He was not able to figure it out in this case. The old woman was talkative; but the information he gathered from her only stimulated his curiosity the more. She owned Tanao, an atom of an atoll miles out of the beaten track even of the Paumotu schooners. There had never been more than a score of people living on it, she said, and now there was no one. Crichton had taken a long lease on it, and was going out there—as he told me afterward—"to do my writing and thinking undisturbed."

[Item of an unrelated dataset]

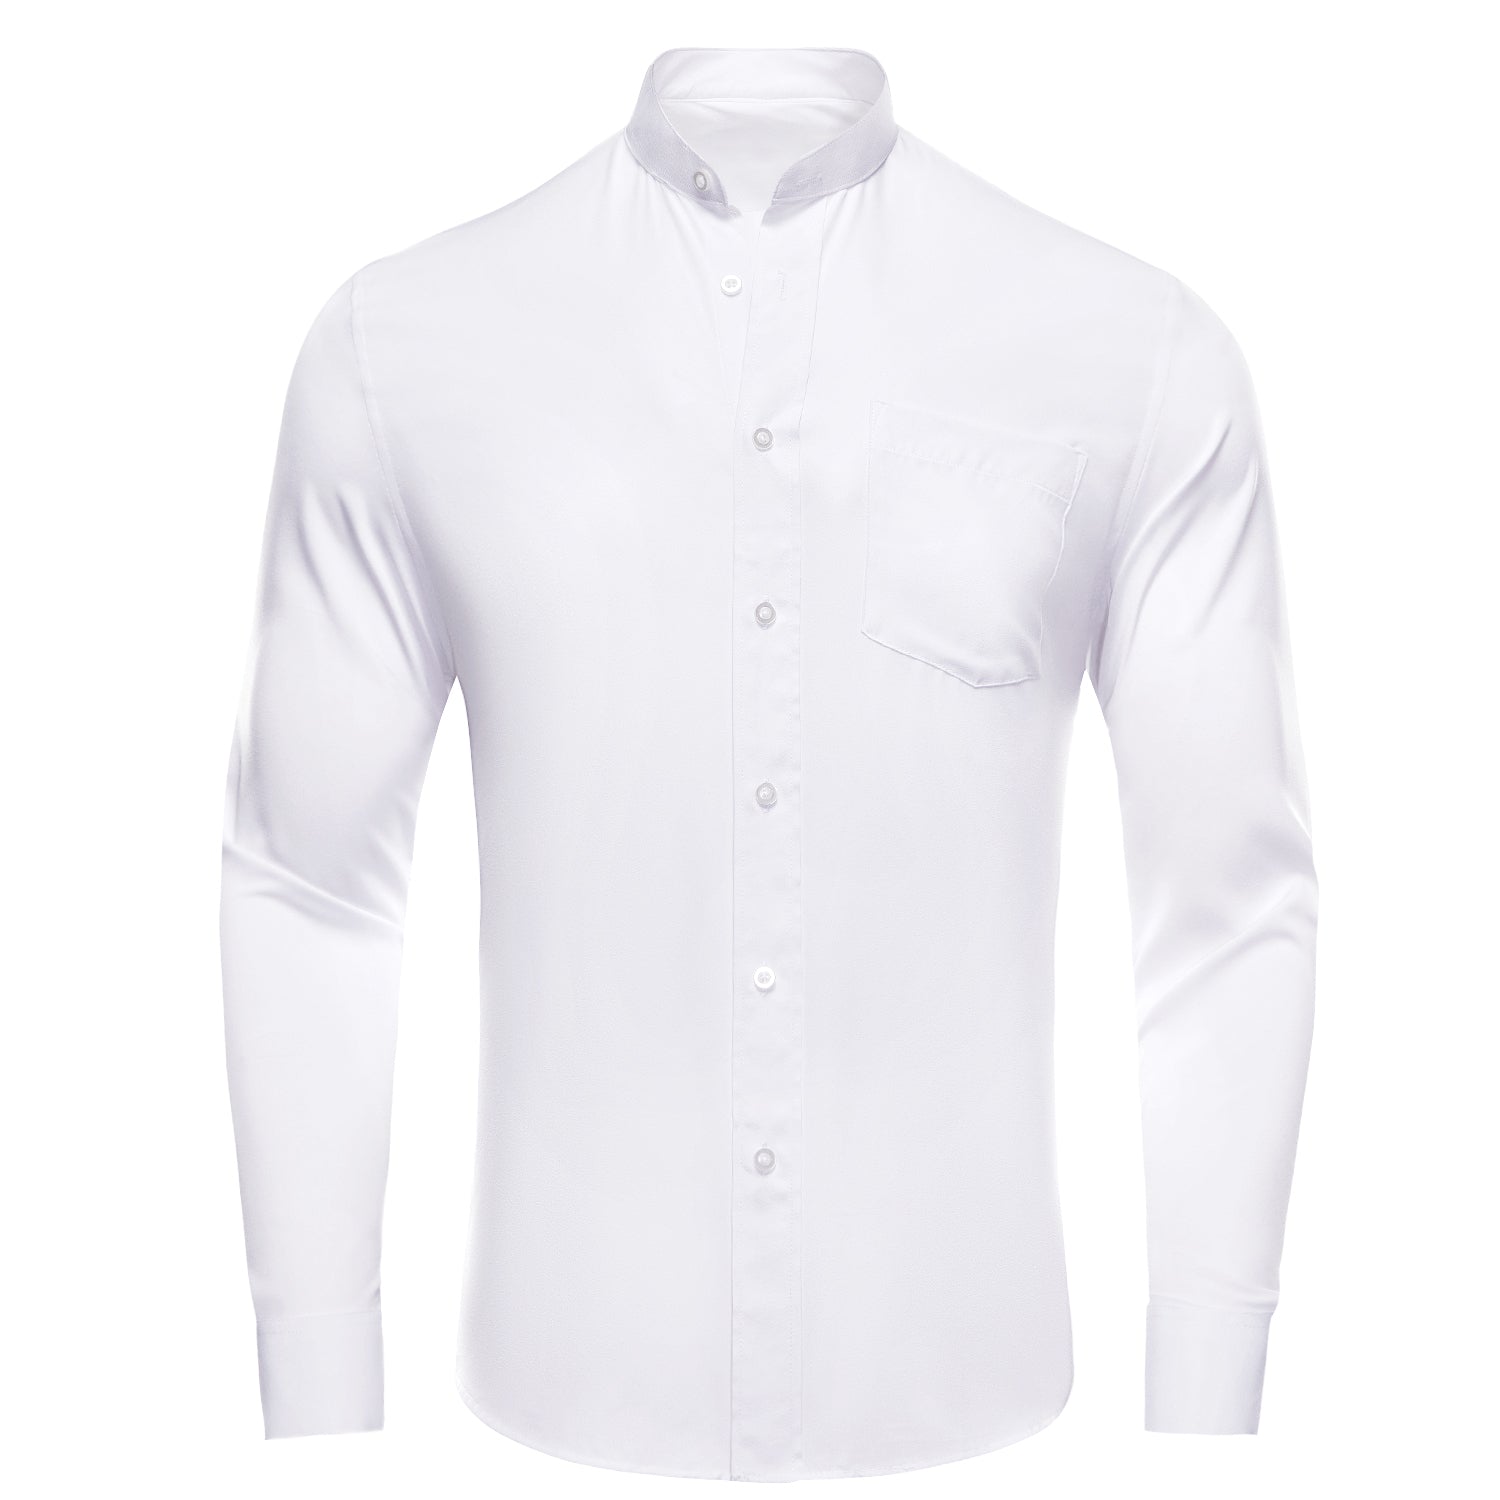 White Solid Men's Long Sleeve Dress Shirt

I didn't know this until later, however. When I first heard him spoken of we were only a few hours out from Papeete. We had left the harbor with a light breeze, but at four in the afternoon the schooner was lying about fifteen miles offshore, lazy jacks flapping against idle sails with a mellow, crusty sound. After a good deal of fretting at the fickleness of land breezes, talk had turned to Crichton, who was up forward somewhere looking after his chickens. I didn't pay much attention then to what was being said, for I had just had one of those moments which come rarely enough in a lifetime, but which make up for all the arid stretches of experience. They give no forewarning. There comes a flood of happiness which brings tears to the eyes, the sense of it is so keen. The sad part of it is that one refuses to accept it as a moment. You say, "By Jove! I'm not going to let this pass!" and it has gone as unaccountably as it came, half lost through foreboding of its end. One prepares for it unknowingly, I suppose, through months, sometimes years, of longing for something remote and beautiful—such as these islands, for example. And when you have your islands, the moment comes, sooner or later, and you see them in the light which never was, as the saying goes, but which is the light of truth for all that. Brief as it is, no one can say that the reward isn't ample. And it leaves an afterglow in the memory, tempering regret, fading very slowly; which one never wholly loses since it takes on the color of memory itself, becoming a part of that dim world of worth-while illusions.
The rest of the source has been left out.